Was I happy with what I found? No, not really. At first I thought well, these two sources don’t really affect me since we get our water from another source. But the more I thought about it the more I started to consider different scenarios. For example, I don’t usually drink water from the tap while I am out and about in the town of Fairbanks at drinking fountains etc. but, I do order water an awful lot when I go to restaurants and if they are using tap water, well, I guess now I know what I’m drinking! Also, I use the gym at the University of Alaska Fairbanks to both work-out at and shower (since I live in a dry cabin), so I both drink and bathe with the water provided from them. I wonder how much I am ingesting by showering, it's been found that 60% of what we put on our skin gets absorbed into our bloodstream, that must count for water too, right?  No, now that I think about it, I am not happy at ALL!

So what can we do? There are a few things we can all do to help minimize our exposure to these chemicals through our water. One easy way is to use a water filter in our homes. There are many kinds, from ones that fasten right to the sink facet, to a filtered pitcher you keep in your fridge, to a newer refrigerator with a filtered water dispenser built right in. Choose a filter that is certified to remove contaminants found in your water.
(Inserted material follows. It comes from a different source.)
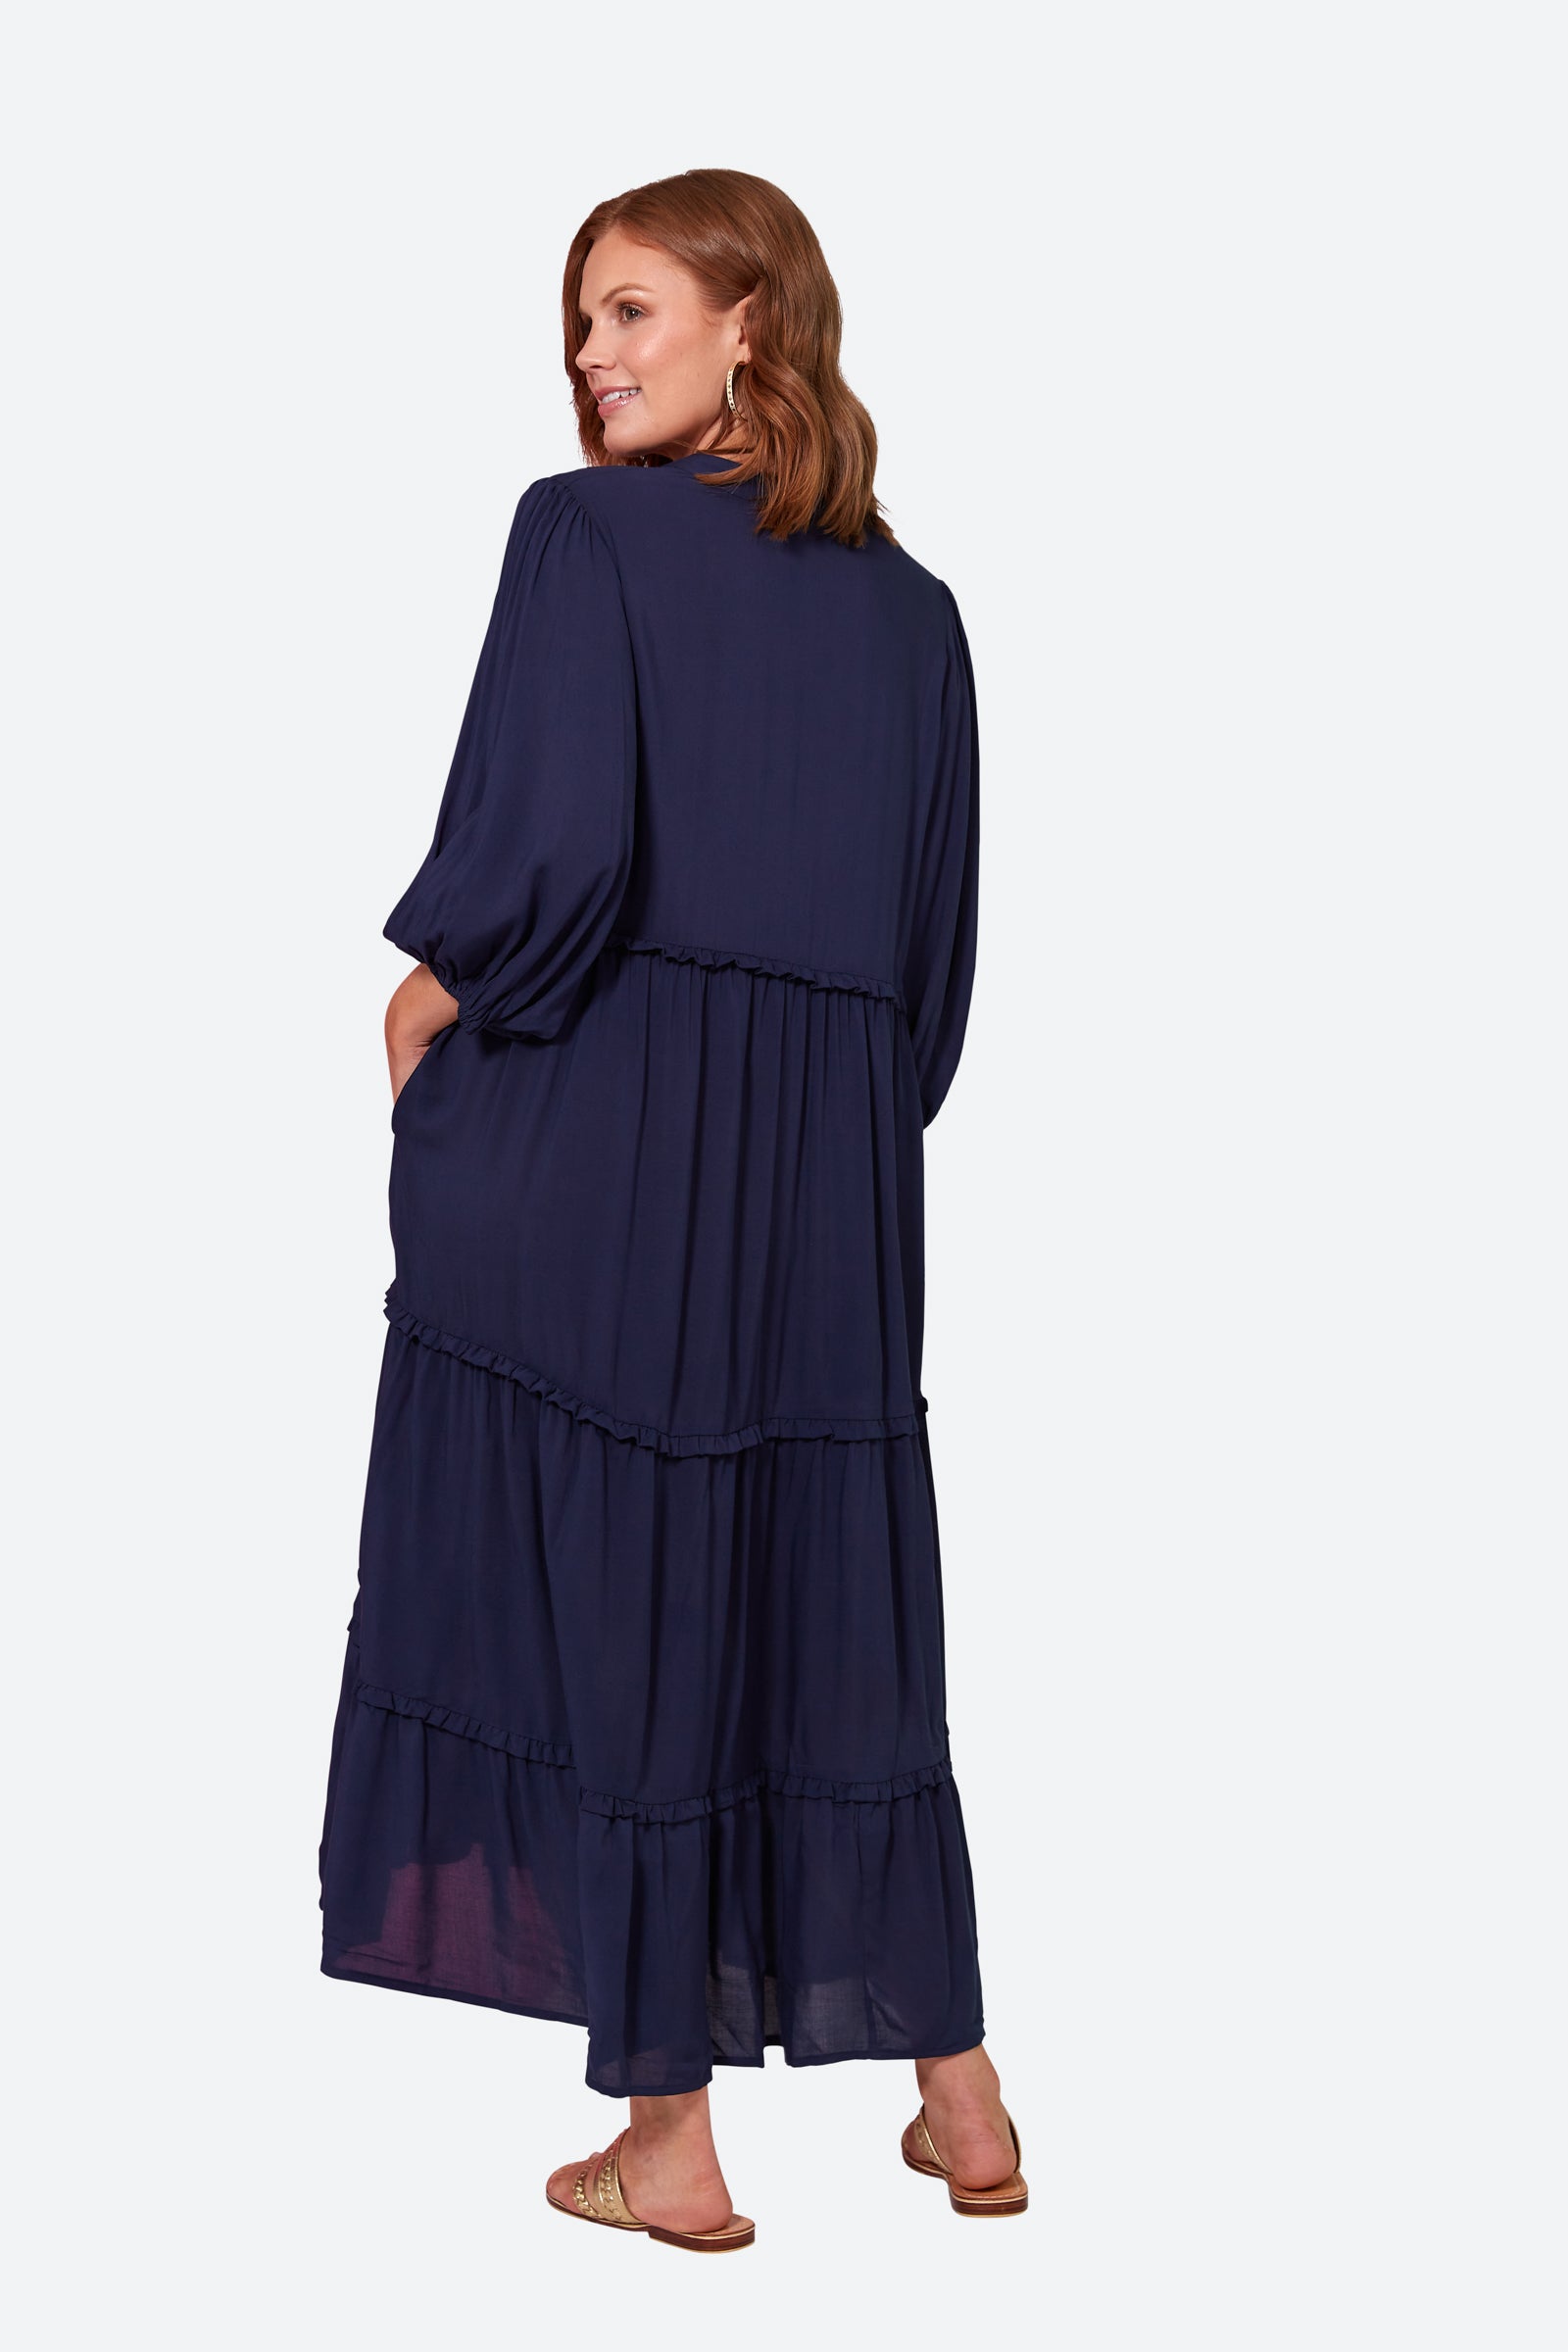 Esprit Tiered Dress - Sapphire - eb&ive Clothing - Dress 3/4 Length Linen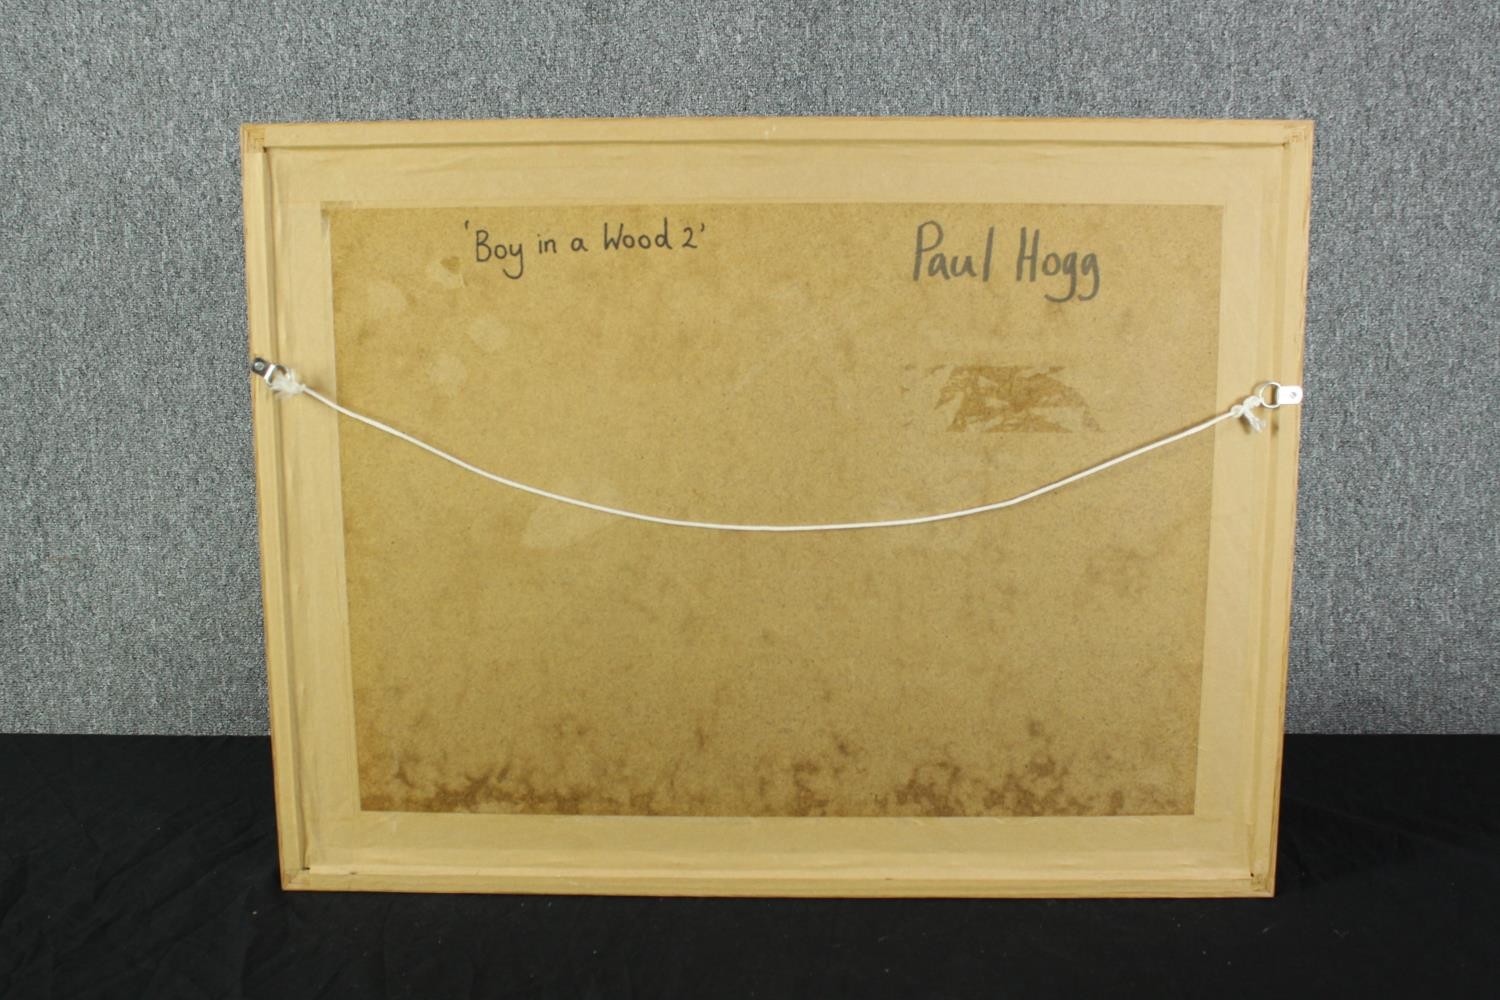 Paul Hogg (British). 'Boy in a wood II'. Woodcut. Framed and glazed. H.51 x W.67 cm. - Image 3 of 3

To find the best filters go to  www.ewg.org/tap-water/getwaterfilter. There are many different kinds of filters but the most common type of filter is a carbon filter (pitcher or sink mounted). Carbon filters are affordable and reduce many common water contaminants, like lead and byproducts of the disinfection process used to treat municipal tap water. You can also choose a whole house filter, which filters water as it enters the house for a wide range of uses including, tooth-brushing, showering, and other uses missed by just a standard kitchen filter. Whichever filter you choose make sure you change your filter on time. Old filters aren’t safe, they can harbor bacteria and let contaminants through. 

When you are on the go, carry stainless steel or other BPA-free bottles. Don’t reuse bottled water bottles. The plastic can harbor bacteria and break down to release plastics chemicals. Hard plastic bottles (#7 plastic) can leach a harmful plastics chemical called bisphenol A (BPA) into water.

A note on bottled water, you can read the bottle label, but you still won’t know if the water is pure and natural, or just processed, polluted, packaged tap water. EWG found 38 contaminants in 10 popular brands. Many popular brands are nothing more than bottled tap water, tainted with the same pollutants.  The huge growth of the bottled water market has increased the nation’s solid waste stream with vast amounts of plastic, causing phenomenon's like the Great Pacific Garbage Patch, if you haven't heard of it, please read about it in my previous blog post here, everyone needs to be aware of what is happening in our oceans!
So now are you curious to find out what’s in your water?
Go to www.ewg.org/tap-water/whats-in-yourwater to find out how your local water stacks up.




4 comments:

  1. I never thought I would be afraid of water, but now I am.

    ReplyDelete
  2. I'm buying a water ionizer. I have been thinking about it and this does it.

    ReplyDelete
  3. Isn't it an eye opener finding out something that should be so pure, such as water, has so many horrible things in it!